First International Traders DM: Słabszy złoty, mocniejszy dolar – ale nie na długo

Wczoraj zgodnie z oczekiwaniami Bank Anglii zdecydował się na podwyższenie głównej stopy procentowej o 25 p.b. do poziomu 5,75 proc. W komunikacie towarzyszącym tej decyzji przyznano wprawdzie, że bilans ryzyk inflacyjnych wciąż jest wysoki, to jednak nie wykluczono możliwości spadku wskaźnika CPI do poziomu 2,00 proc. r/r w końcu roku.
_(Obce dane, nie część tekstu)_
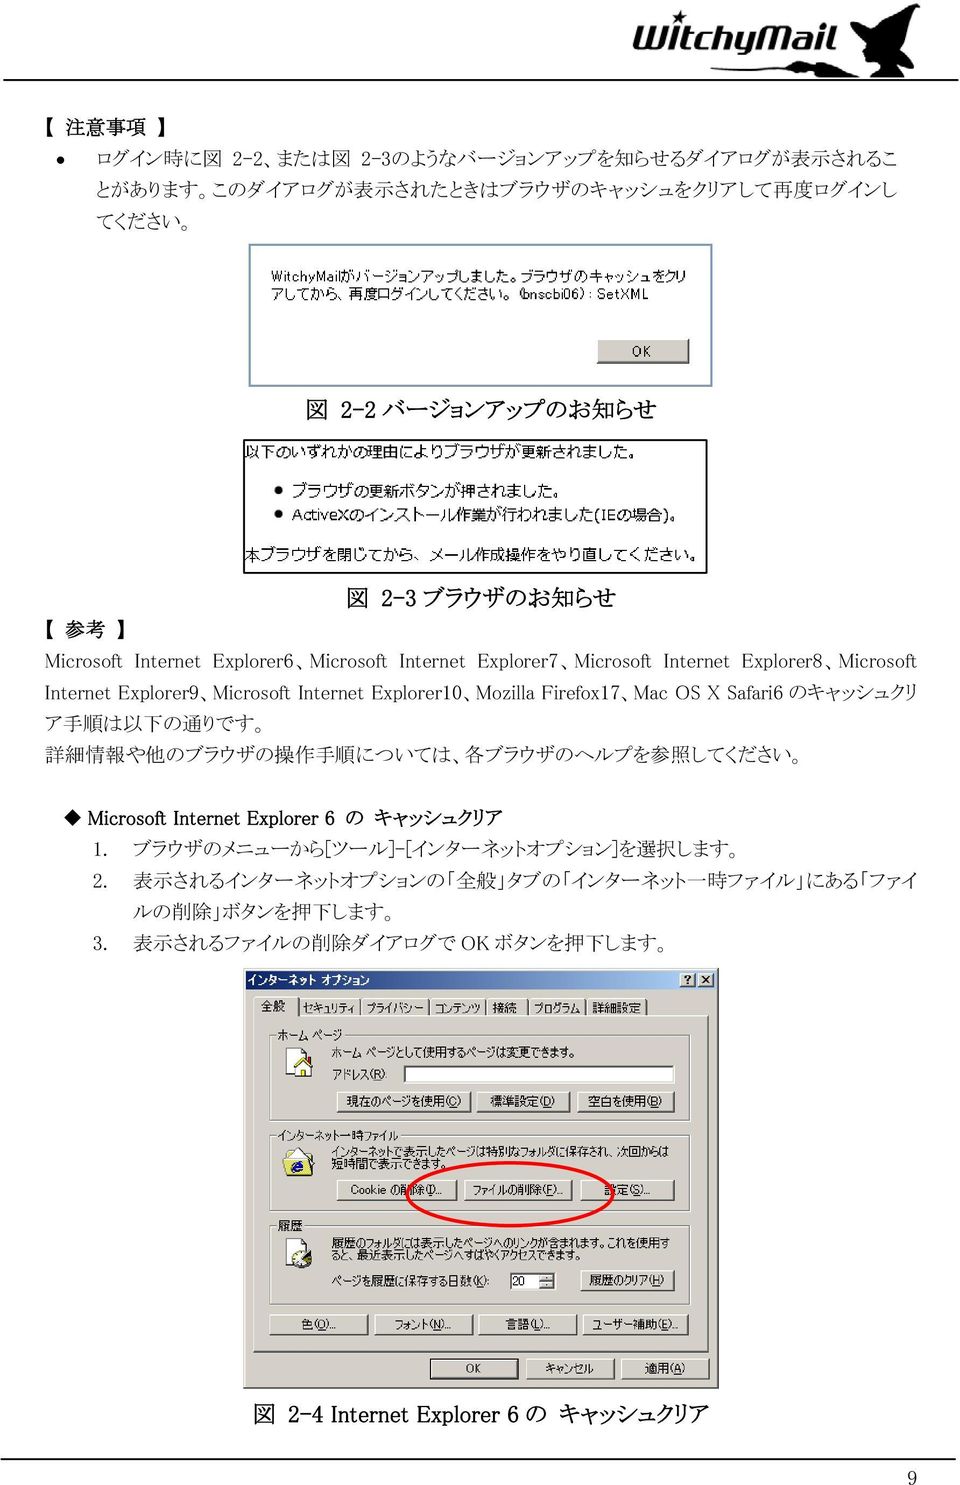 OS X Safari6 のキャッシュクリ ア 手 順 は 以 下 の 通 りです 詳 細 情 報 や 他 のブラウザの 操 作 手 順 については 各 ブラウザのヘルプを 参 照 してください Microsoft Internet Explorer 6 の キャッシュクリア 1.

To nie wyklucza bynajmniej kolejnego posunięcia ze strony Banku Anglii w tym roku, które będzie miało na celu głównie „asekuracyjny” charakter, ale też pokazuje, że cykl podwyżek może (choć nie musi) zakończyć się na poziomie 6,00 proc. Jednak w krótkim terminie fakty te zostały już zdyskontowane przez rynek, co doprowadziło do przeceny mocno rosnącego w ostatnim czasie funta. W efekcie dzisiaj rano oscylował on poniżej figury 2,01, czyli o 100 pipsów niżej niż wczoraj. Z podobną sytuacją mieliśmy do czynienia w przypadku euro. Stopy procentowe w Eurolandzie zgodnie z oczekiwaniami pozostały bez zmian, a słowa Jean-Claude Tricheta podczas konferencji prasowej nie wniosły tak naprawdę wiele. Szef ECB powtórzył, że presja inflacyjna w najbliższych miesiącach będzie się utrzymywać, chociaż nie padło sformułowanie o „uważnym monitorowaniu” wszystkich ryzyk inflacyjnych, które miało miejsce ostatnio. Zamiast tego przyznano, że sytuacja jest monitorowana „bardzo uważnie”. Dla części ekonomistów była to sugestia, iż ECB nieco zaostrzył retorykę, dla innych, że do podwyżki może dojść równie dobrze we wrześniu, ale i też w październiku. To doprowadziło do nieznacznej przeceny wspólnej waluty, za którą dzisiaj rano płacono mniej niż 1,36 dolara. Warto jednak odnotować, iż równie istotne były informacje jakie napłynęły ze Stanów Zjednoczonych. Niezależna firma ADP podała, iż w czerwcu w amerykańskiej gospodarce mogło przybyć 150 tys. nowych miejsc pracy, co poprawiło nastroje przed dzisiejszą publikacją Departamentu Pracy o godz. 14:30. Z kolei lepszy od oczekiwanego odczyt indeksu ISM dla sektora usług, który wzrósł w czerwcu do 60,7 pkt. potwierdził wcześniejsze przypuszczenia o poprawiającym się stanie amerykańskiej gospodarki. To teoretycznie powinno pomagać dolarowi, gdyby nie pogarszający się dysparytet stóp procentowych, który w długim terminie nadal będzie rzutować negatywnie na „zielonego”.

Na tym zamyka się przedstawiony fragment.